In order to keep your home warm and dry, there are some measures that need to be taken, particularly when you’re thinking about preparing your home for a cold winter - such as cleaning your gutters. While this may seem like a cumbersome task, it’s a really important one. Read on to find out why.
Gutters are an imperative part of your home. They direct rain water so that it drains off your roof and back to the ground or drainage system instead of causing damp and leak issues within your home. Further issues such as rot, deterioration and mould can occur without proper drainage too, and the excess water could begin to weaken any shingles, soffits and fascia. It can also cause issues with the foundations of your home, weakening the integrity and structure.
It’s important to keep in mind that issues like the ones mentioned above may not be covered by your home insurance policy should your guttering be ineffective or blocked.
Guttering is certainly important but is it necessary? Building regulations are set by the government and most buildings, particularly residential buildings, have to meet these requirements.
Guttering is a necessity as laid out by building regulations, and they are quite strict about the size of the downpipes, where they’re positioned and where the water will drain too.
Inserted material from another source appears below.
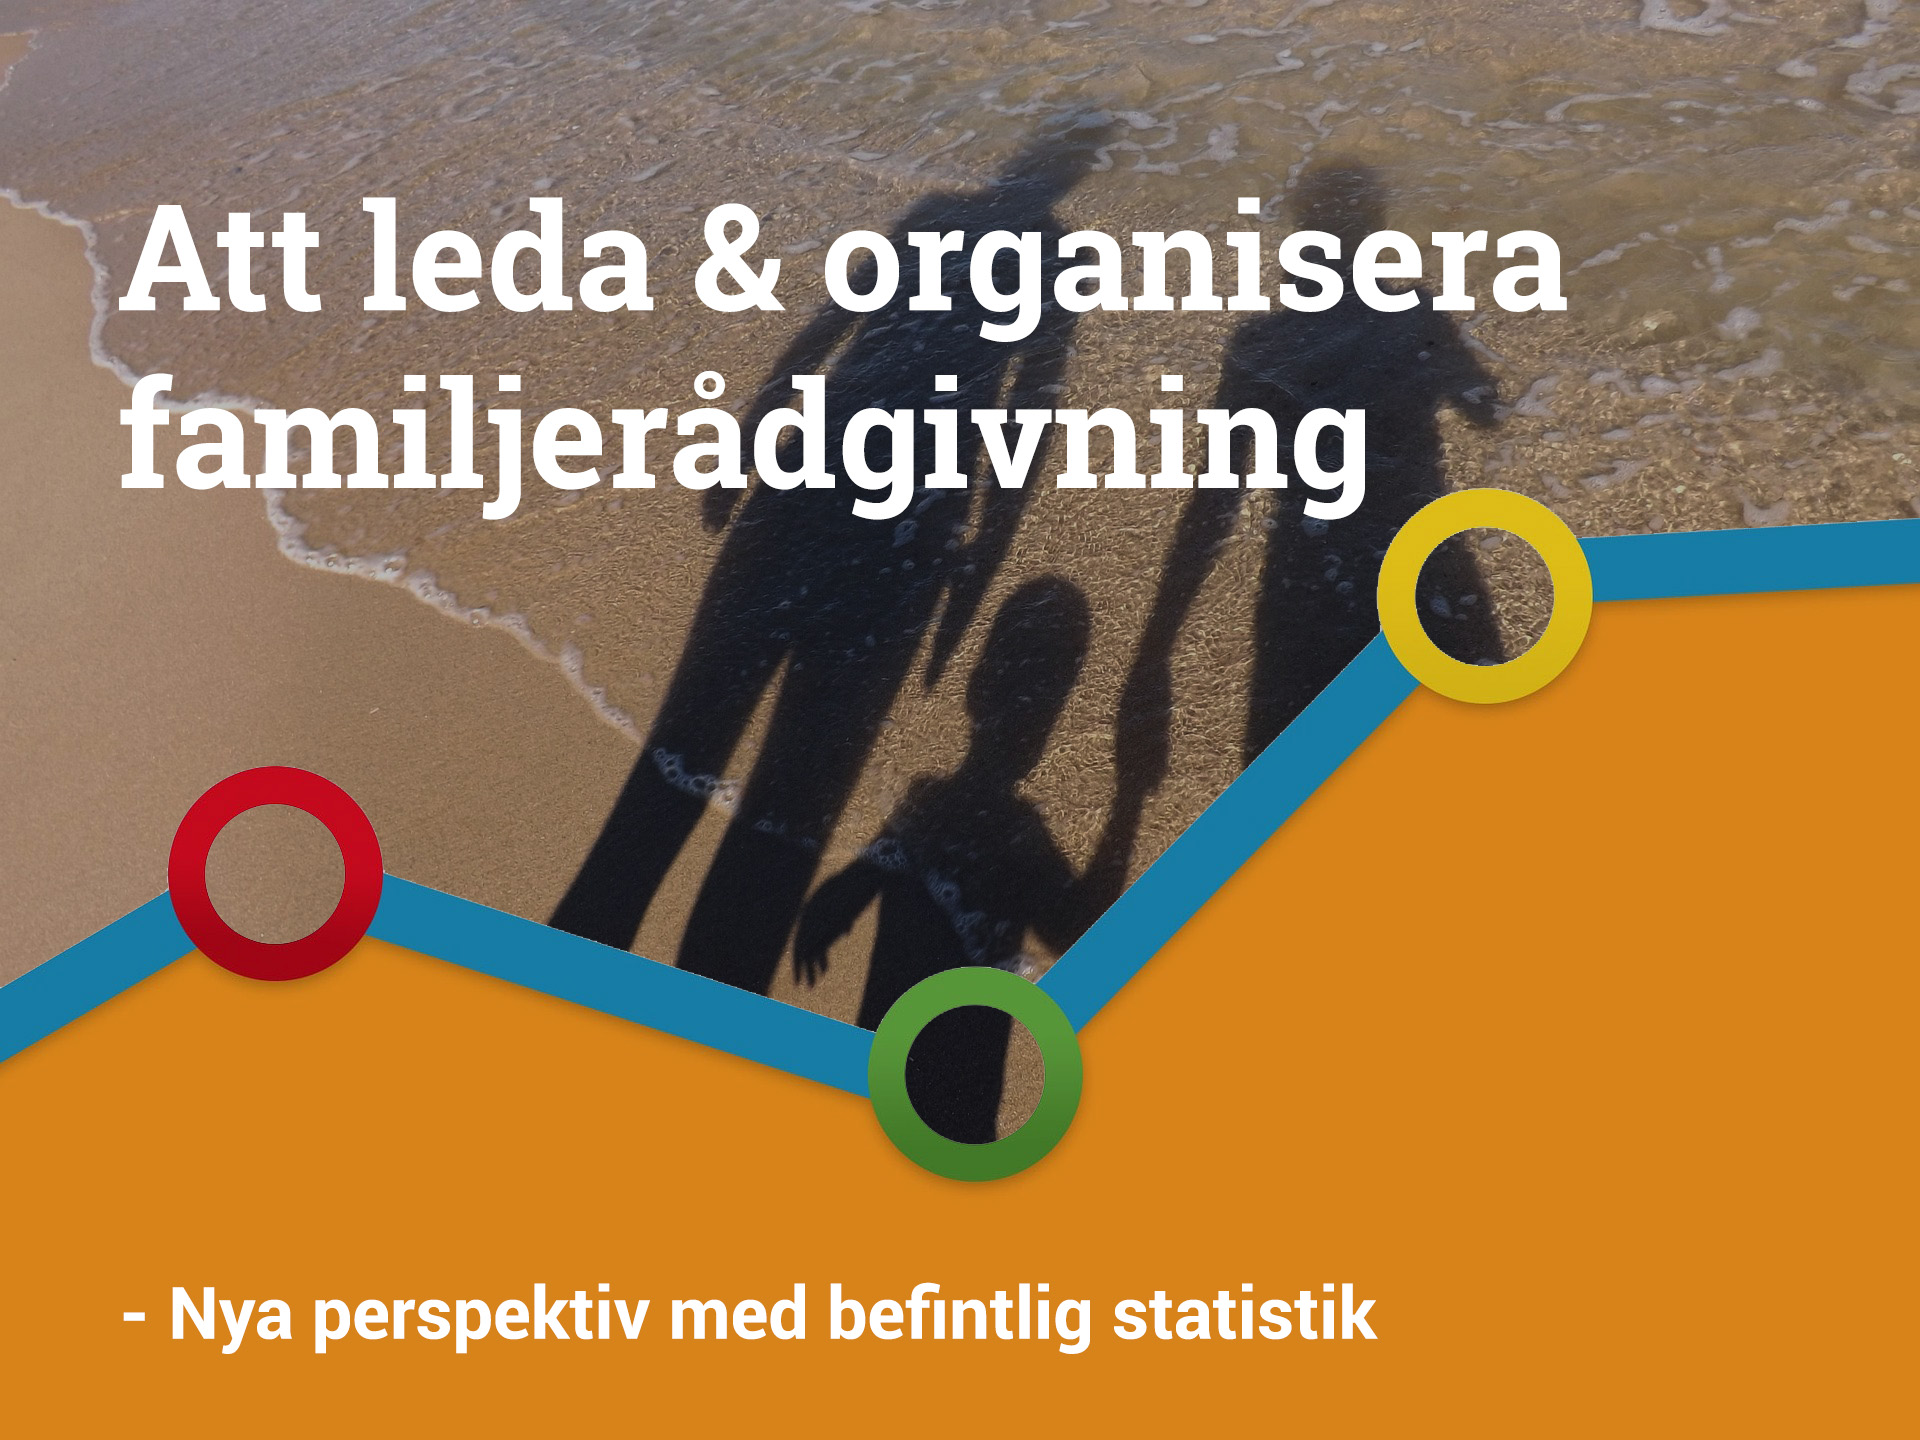 Bild med statistikkurva och rubriken "Att leda och organisera familjeråpdgivning"

To ensure that the gutters cannot overflow, there are also guidelines around how to calculate the flow rate.
These regulations are in place for a reason, so it’s important that your home has sufficient guttering.
Where rainwater is allowed to soak into the ground, provisions must be in place so that it is distributed evenly to avoid damaging the foundations or the structure of the building. Rainwater that comes from your guttering must flow into either a soakaway (a hole that’s filled with stone or rubble), a watercourse (a channel such as a river, canal, ditch, pipe or stream), a surface water or a combined sewer system.
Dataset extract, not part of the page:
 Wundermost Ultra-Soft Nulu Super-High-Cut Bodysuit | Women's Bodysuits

When your home’s gutters become blocked, the debris prevents rainwater from draining properly, and this could cause further issues like damp when the problem is left unattended for a long period of time. A blockage usually means the water has nowhere to go and instead flows over the top of the gutter rather than being directed into a drain, as it should. It can also result in broken guttering. This is usually caused by a buildup of water, which can weigh the gutters down and weaken the structure or split the joints.
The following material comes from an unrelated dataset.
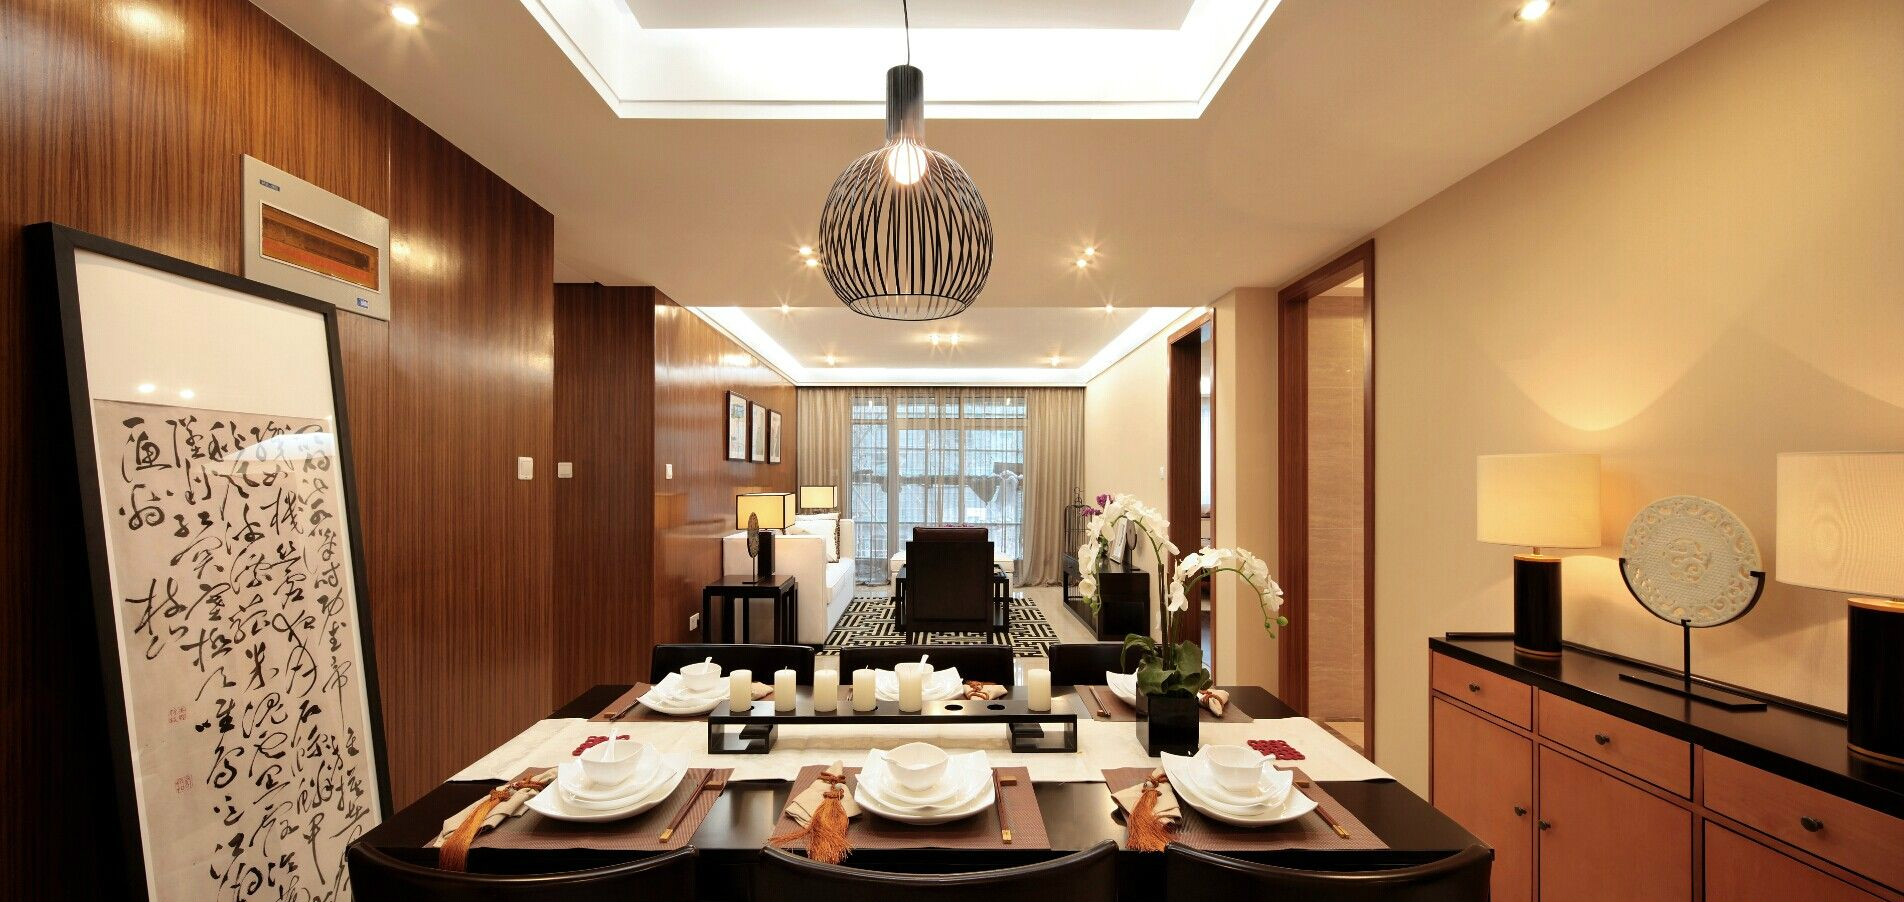 简约 现代 餐厅图片来自成都居然之家高端设计中心在中铁丽景书香的分享

Before cleaning a gutter, it’s important to note that this job can be tricky, especially if your home has more than one storey. Cleaning gutters can take a long time and it may be better to get someone else to do it if you’re worried about working at a height.
You should have a good quality ladder, as well as a pair of waterproof gloves and a bucket. If you’re not able to carry out this task yourself, enlist the help of a family member or a professional.
The first step is to set up the ladder. Its feet should be placed on an even, stable surface and that there’s little to no chance of it moving while in use. Usually, it’s a good idea to have a second person stand at the bottom of the ladder to hold it in place, particularly on uneven surfaces.
It may also be a good idea to use a ladder stay to ensure that the gutters can be accessed properly. Generally, the gutters are fixed to fascia boards, which means that they overhang the wall by a few centimetres. This means when the ladder is put in place, it may be very difficult and dangerous to reach over and into the gutter. This makes a ladder stay essential.
The next step is to scoop out as much of the debris as possible, while wearing waterproof gloves. This may include leaves and twigs but also some sludge, which is why gloves are a good idea. The debris should be placed in a bucket. Buckets can be attached to a ladder using a ladder hook so that they don’t have to be held throughout the process.
Next, the debris can be removed slowly and steadily, moving the ladder along the gutter regularly to avoid overreaching and working in small sections.
Once the debris has been removed, use a hose to clean the gutters removing any final small bits of debris so they go down the downspout. At this point, you may wish to check that the water is exiting from the downspout and into a drain. If it isn’t, there may be an obstruction. This will need to be cleared, as it could cause drainage issues that may eventually lead to damp. You can use a plumber’s auger (also known as a plumber’s snake) to clear any blockages.
Ideally, you should aim to have your gutters cleaned twice a year - once in late spring and again in late autumn. This is because these are the most common times for debris, such as seeds, pollen and leaves, to get stuck in the guttering.
To make the task a little easier, you could enlist the help of a specialist to get the job done biannually. This could be a good idea for houses that are more than one storey.